** Opening Given data block **

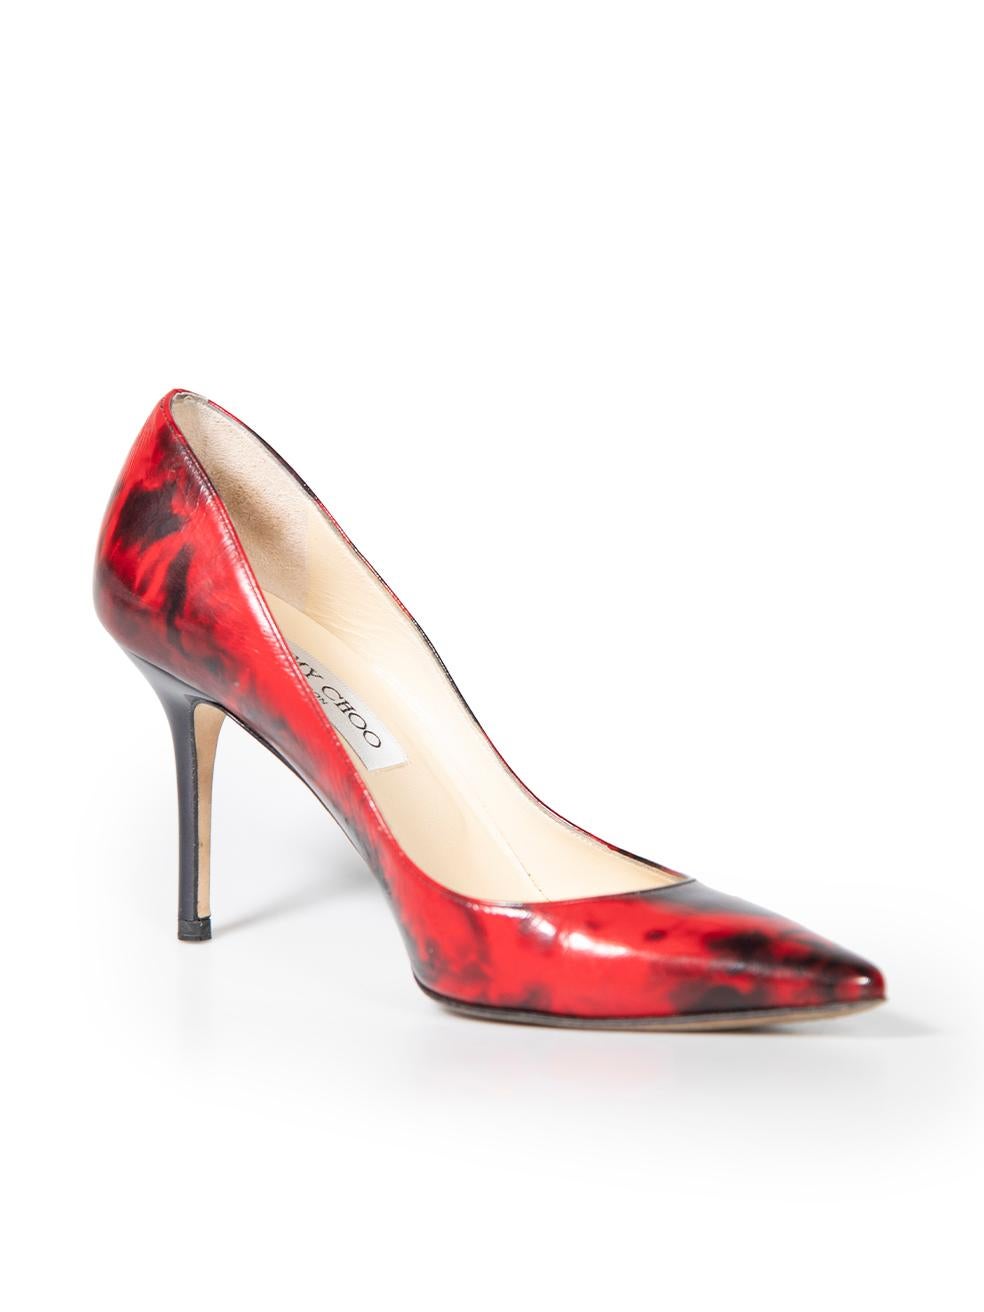 CONDITION is Good. Minor wear to heels is evident. Light creasing to overall leather and minor abrasions to back of heels on this used Jimmy Choo designer resale item. These shoes come with dust bag.
 
 
 
 Details
 
 
 Red
 
 Leather
 
 Slip on
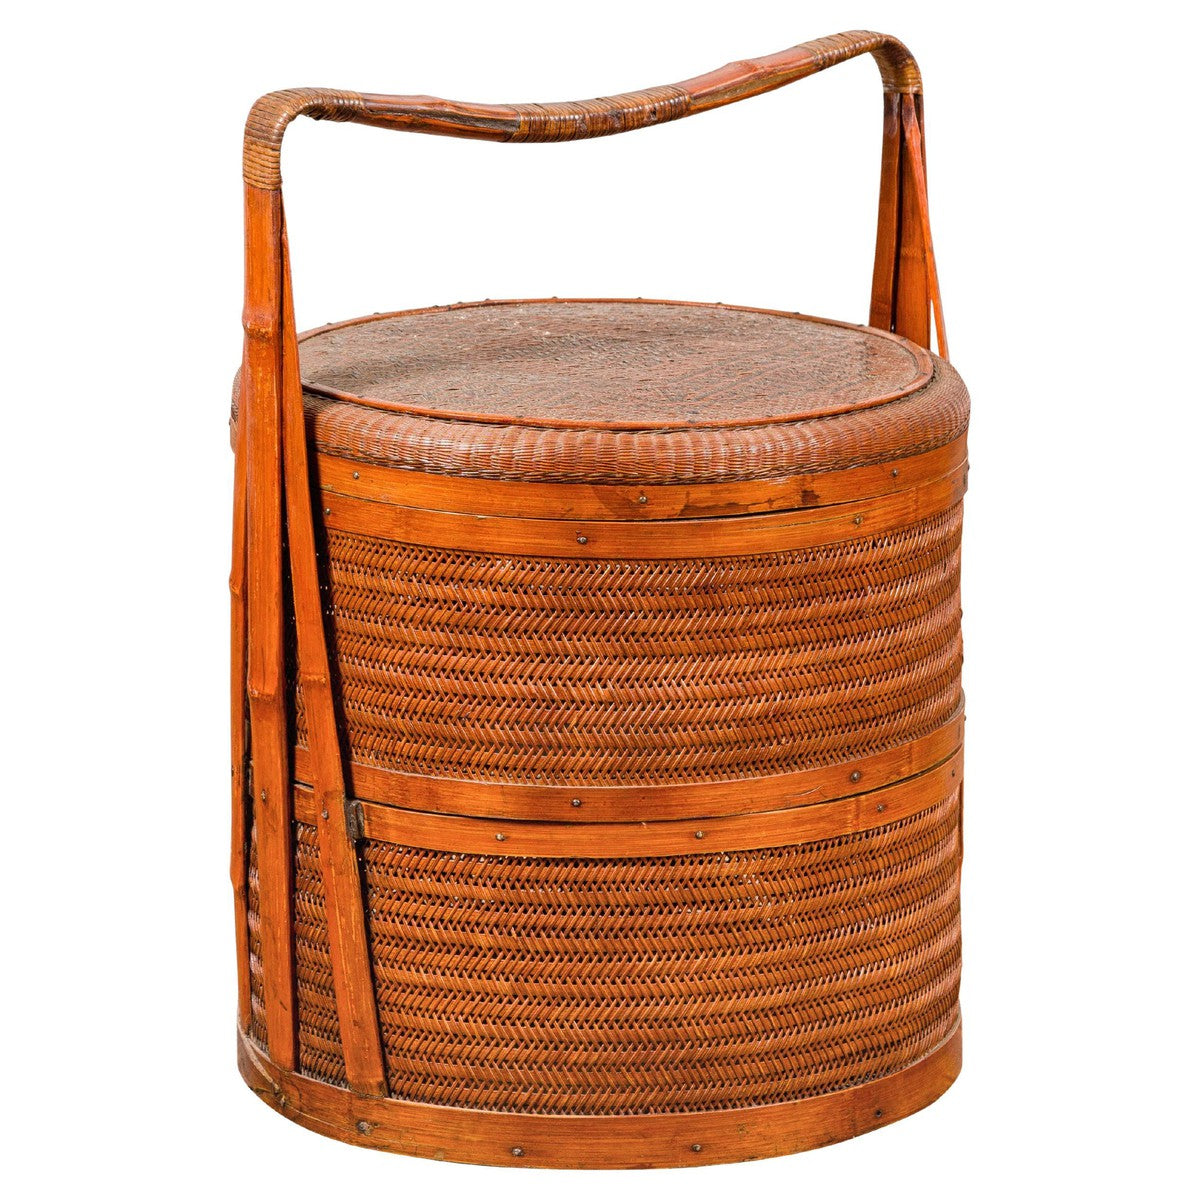 Two-Tiered Bamboo and Rattan Lidded Food Basket with Large Handle-YN7920-1. Asian & Chinese Furniture, Art, Antiques, Vintage Home Décor for sale at FEA Home

** Closing Given data block **

[Task requirements]
Across the whole listing, reproduce each line verbatim and exclude every picture.

[Output of the task]
 CONDITION is Good. Minor wear to heels is evident. Light creasing to overall leather and minor abrasions to back of heels on this used Jimmy Choo designer resale item. These shoes come with dust bag.
 
 
 
 Details
 
 
 Red
 
 Leather
 
 Slip on
 Two-Tiered Bamboo and Rattan Lidded Food Basket with Large Handle-YN7920-1. Asian & Chinese Furniture, Art, Antiques, Vintage Home Décor for sale at FEA Home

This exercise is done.